Напутствуя брата, царь Василий сокрушался:

— Изничтожили первого самозванца, ан новый сыскался, сызнова смуту завел. — И, почесав плешь, добавил: — Не отсекли змию голову в зародыше, так ты ноне, братец, постарайся.

Князь Дмитрий Иванович плюнул зло, вспомнив, как кое-кто из бояр в Думе попытался воспротивиться назначению его главным воеводой. Первым голос тогда подал Васька Голицын:

— Может, Михаилу Скопина-Шуйского пошлем?

Думный дворянин Прокопка Ляпунов не по чину вякнул:

— Михайло Васильевич в делах ратных разумен.

Царь оборвал:

— Князю Михайло иное дело сыщется…

Дмитрий Иванович ехал в теплом возке и посматривал в открытое оконце, как нестройно, без песен и шуток идут стрельцы. Недовольны походом! Еще бы, из-под Тулы воротились, от войны передохнуть не успели, как снова слободы покидать, а весна, она стрельца призывает хозяйственными делами заниматься: на стрелецкое жалованье не дюже разживешься.

И что у стрельцов в душах? Потемки. А может, мысли крамольные? Поди, кое-кто думает: уж не настоящего ли царя Дмитрия он воевать идет? Эва какую силищу двинул Василий Шуйский: неужли против вора?..

Величав и спесив князь Дмитрий Иванович. Ему ли уступать главное воеводство племяннику Михайло Скопину-Шуйскому! Молод еще наперед дядьки высовываться. И никак не хочет признать князь Дмитрий, что его, воеводу, не раз било холопское войско Ивашки Болотникова.

Дмитрию Ивановичу ведомы тайные мысли брата Василия. Опасается государь Скопина-Шуйского. Племянник Михайла за воинское разумение у кое-кого из бояр в почете, особливо у дворян. Ну как захочет Михайла сам на царство сесть?

«Приберет Бог бездетного Василия, — думает князь Дмитрий, — кому, как не мне, царскому брату, на престоле сидеть…»
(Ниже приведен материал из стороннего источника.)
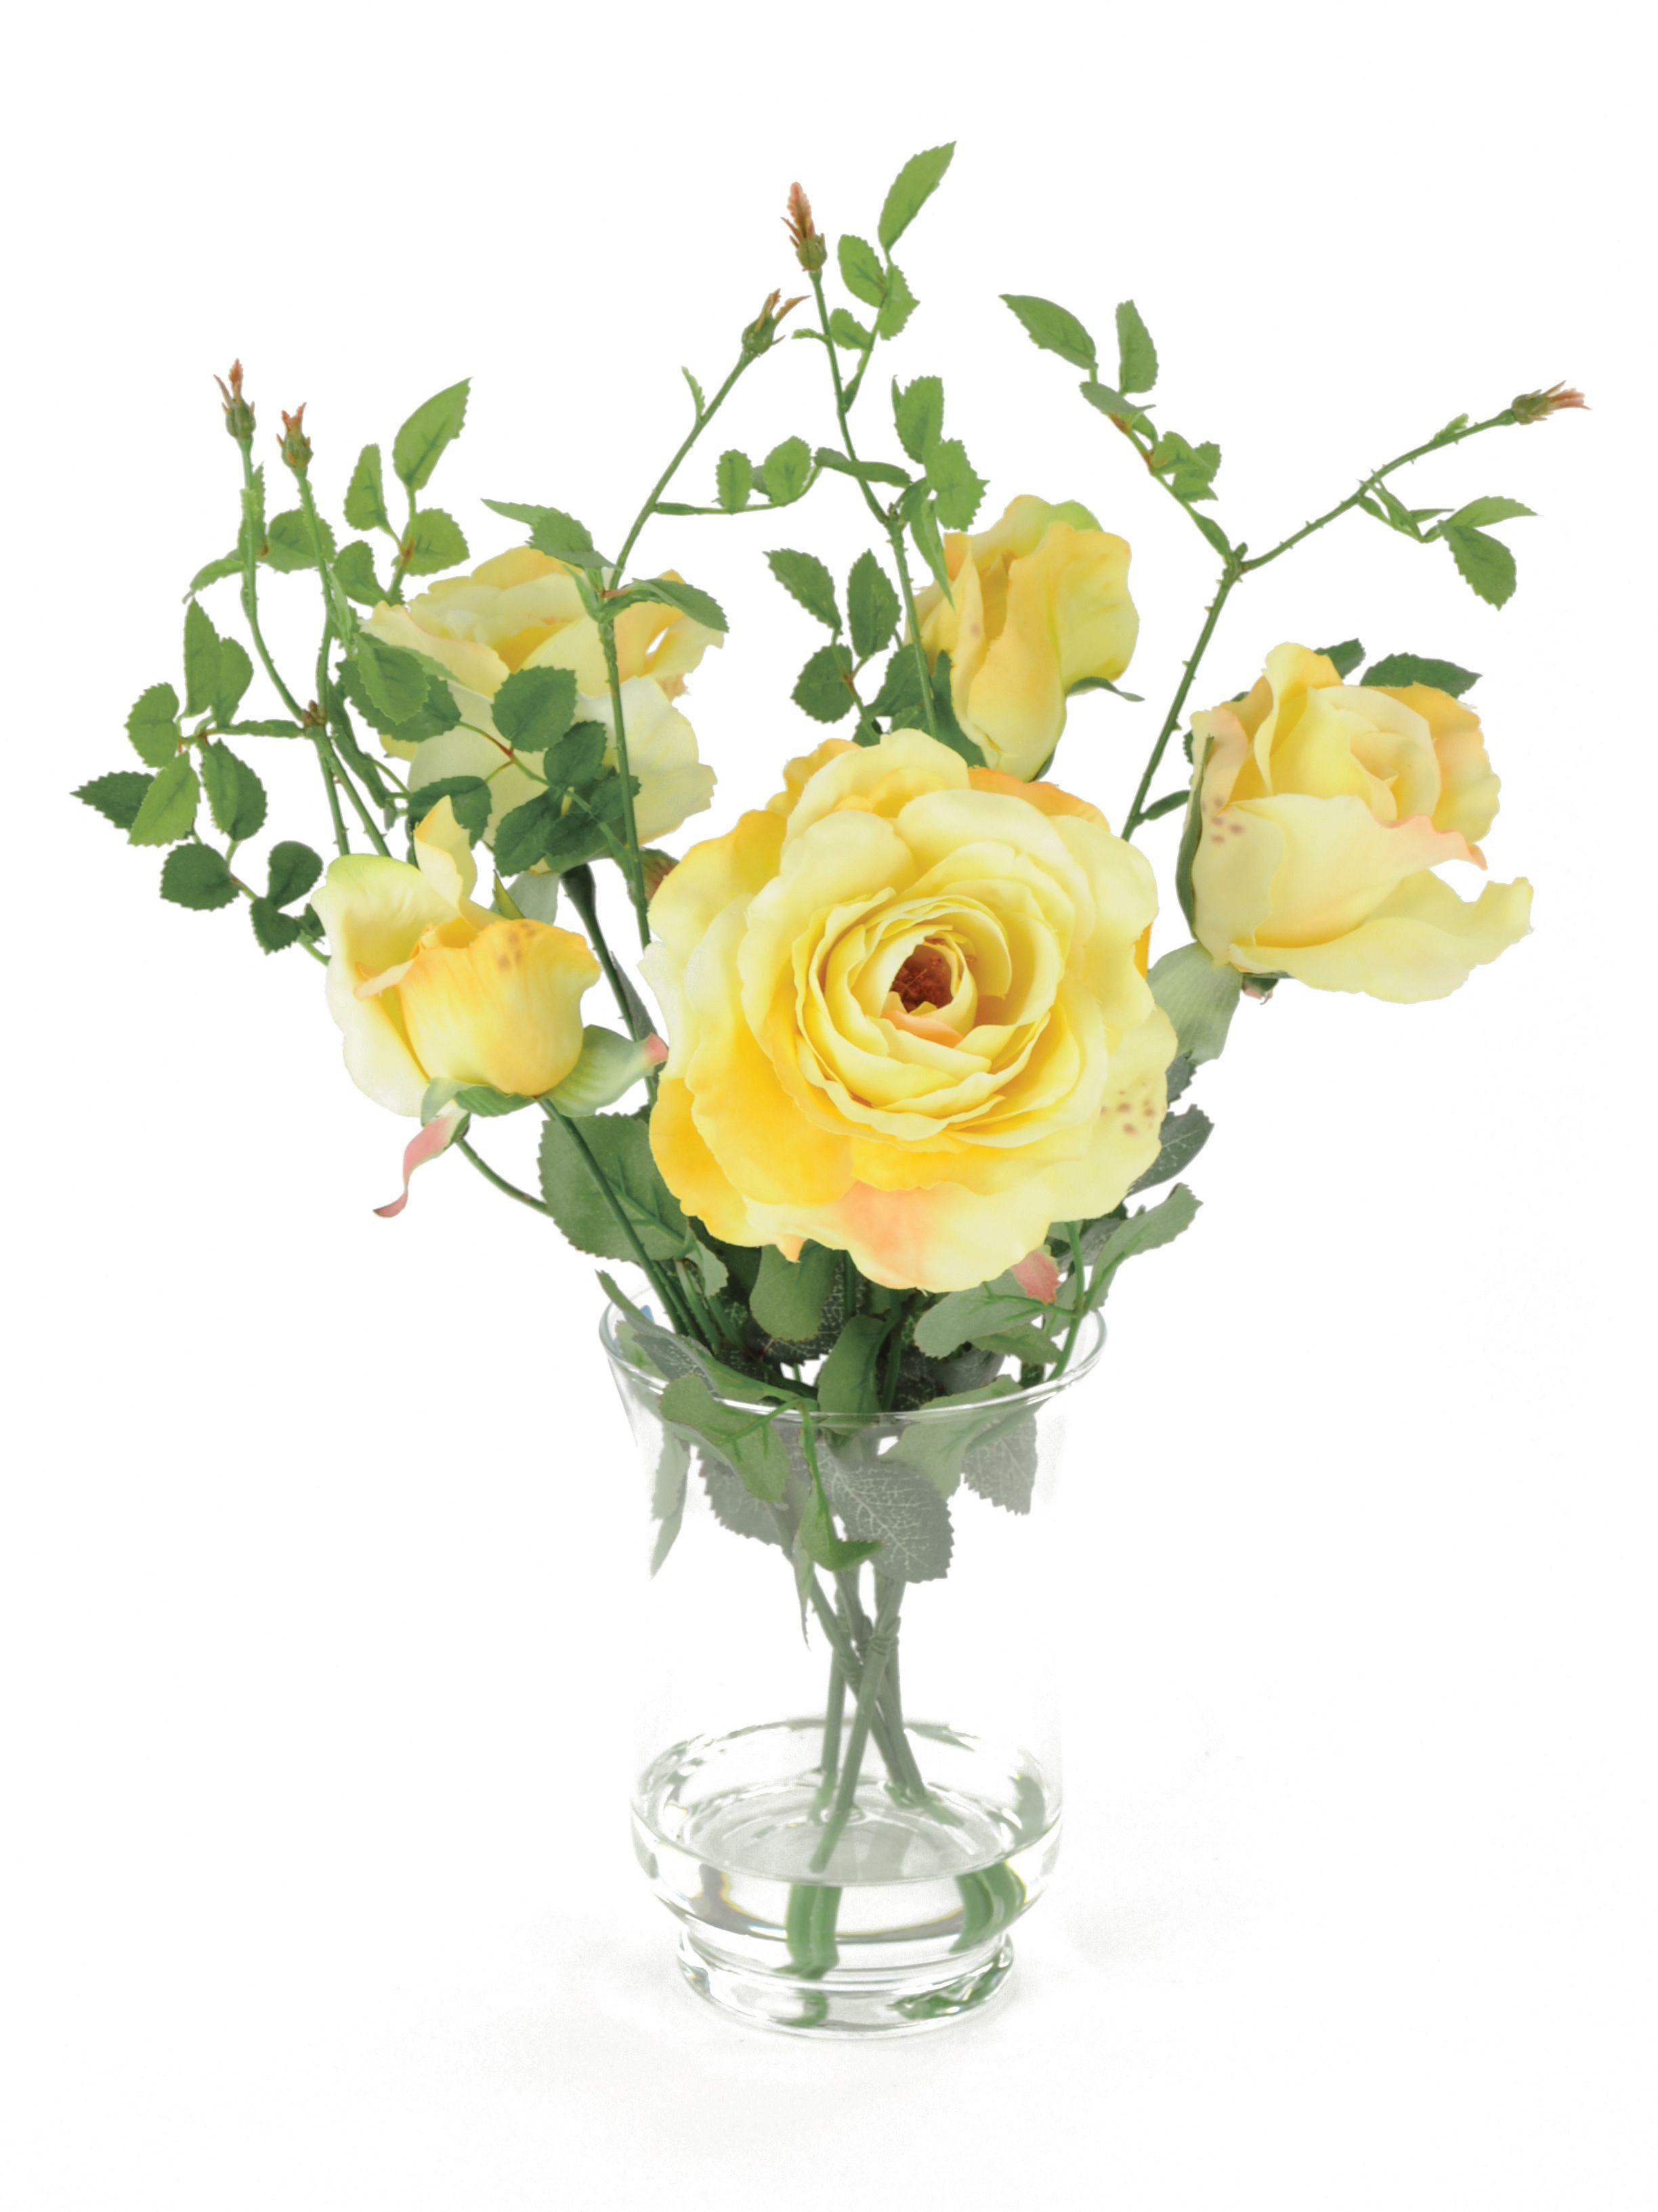 Artificial Flower Bouquet Yellow Flower Garden 21 Tall Etsy Artificial Flower Bouquet Yellow Flower Arrangements Artificial Flowers
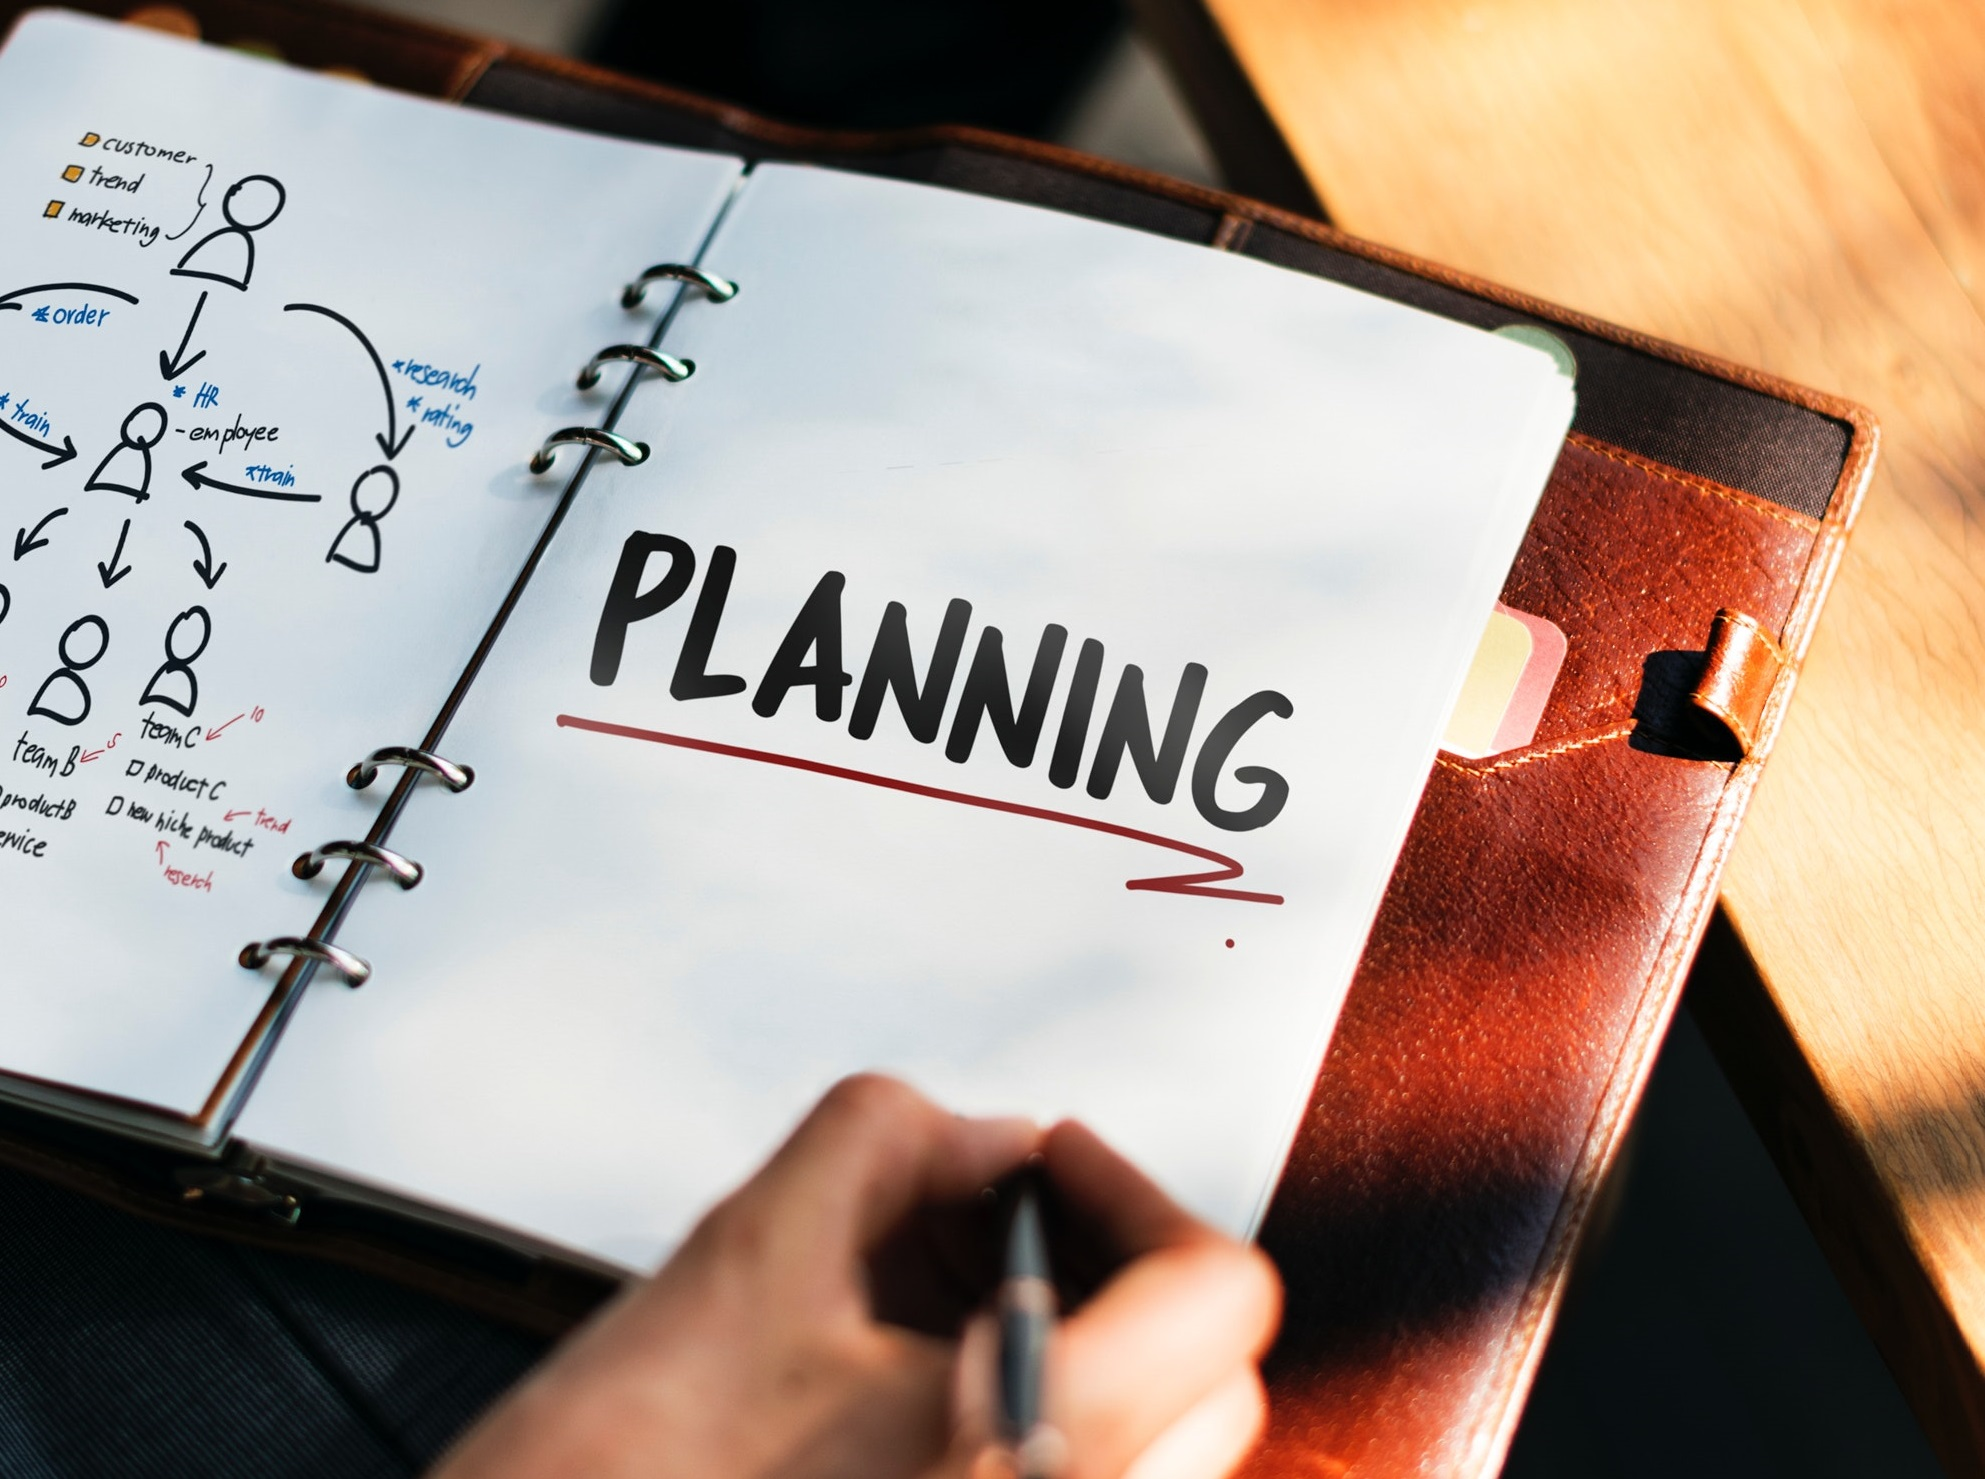 【職涯規劃】想辭職又糾結?從這三個角度思考,做出對你最有幫助的決定

Не то ли ему и княгиня внушает?

Вспомнил жену, и сердце сладко заныло. В любви и согласии годы прожиты, и хоть немолода княгиня Екатерина, но еще пригожа. Не единожды в постели при свете лампады шептала горячо:

— Государем зреть тебя желаю, Митенька, а себя царицей.

— Тс-с, пустое плетешь.

— Окромя тебя, Митенька, кому из Шуйских царство наследовать? Ваньке? Так он пустомеля. Михайле Скопину, сопле зеленой?

— Михайло ретив.

— Не доведи Господь, почнет Михайла моститься на царство — возьму грех на душу, изведу, зельем опою.

— Смолкни, — пугался князь Дмитрий, ладонью закрывая рот жене.

Шуйский откинулся на кожаные подушки возка, подумал, что не пустые слова Екатерина сказывала, нет, не пустые. Одно слово, дочь Малюты Скуратова, первого опричника царя Ивана Грозного. Екатерина и Марья, жена Бориса Годунова, — сестры родные. Обе и обличьем и характером в отца удались: кого возненавидят — со свету сживут.

В окошко узрел стрелецкого голову, окликнул:

— Аль дудочники в Москве остались? Вели играть, да веселее, взбодри стрельцов.

Ударили барабаны, загудели трубы, засвистели сопилки, напомнив князю Дмитрию, как в бытность первого самозванца царем день в Кремле начинался музыкой, весельем бесовским, а заканчивался непотребством срамным. И в том содоме Лжедмитрий с бесстыжей Маринкой тешились, к неудовольствию и возмущению люда московского.

Во гневе страшен народ. Князь Дмитрий видел, как убивали самозванца. Поначалу Михайло Плещеев зарезал боярина Петра Басманова: пырнул ножом, будто свинью колол. Потом толпа на Лжедмитрия накинулась. Били нещадно и, обнажив бездыханный труп, кинули его на Лобное место на всеобщее обозрение и глумление…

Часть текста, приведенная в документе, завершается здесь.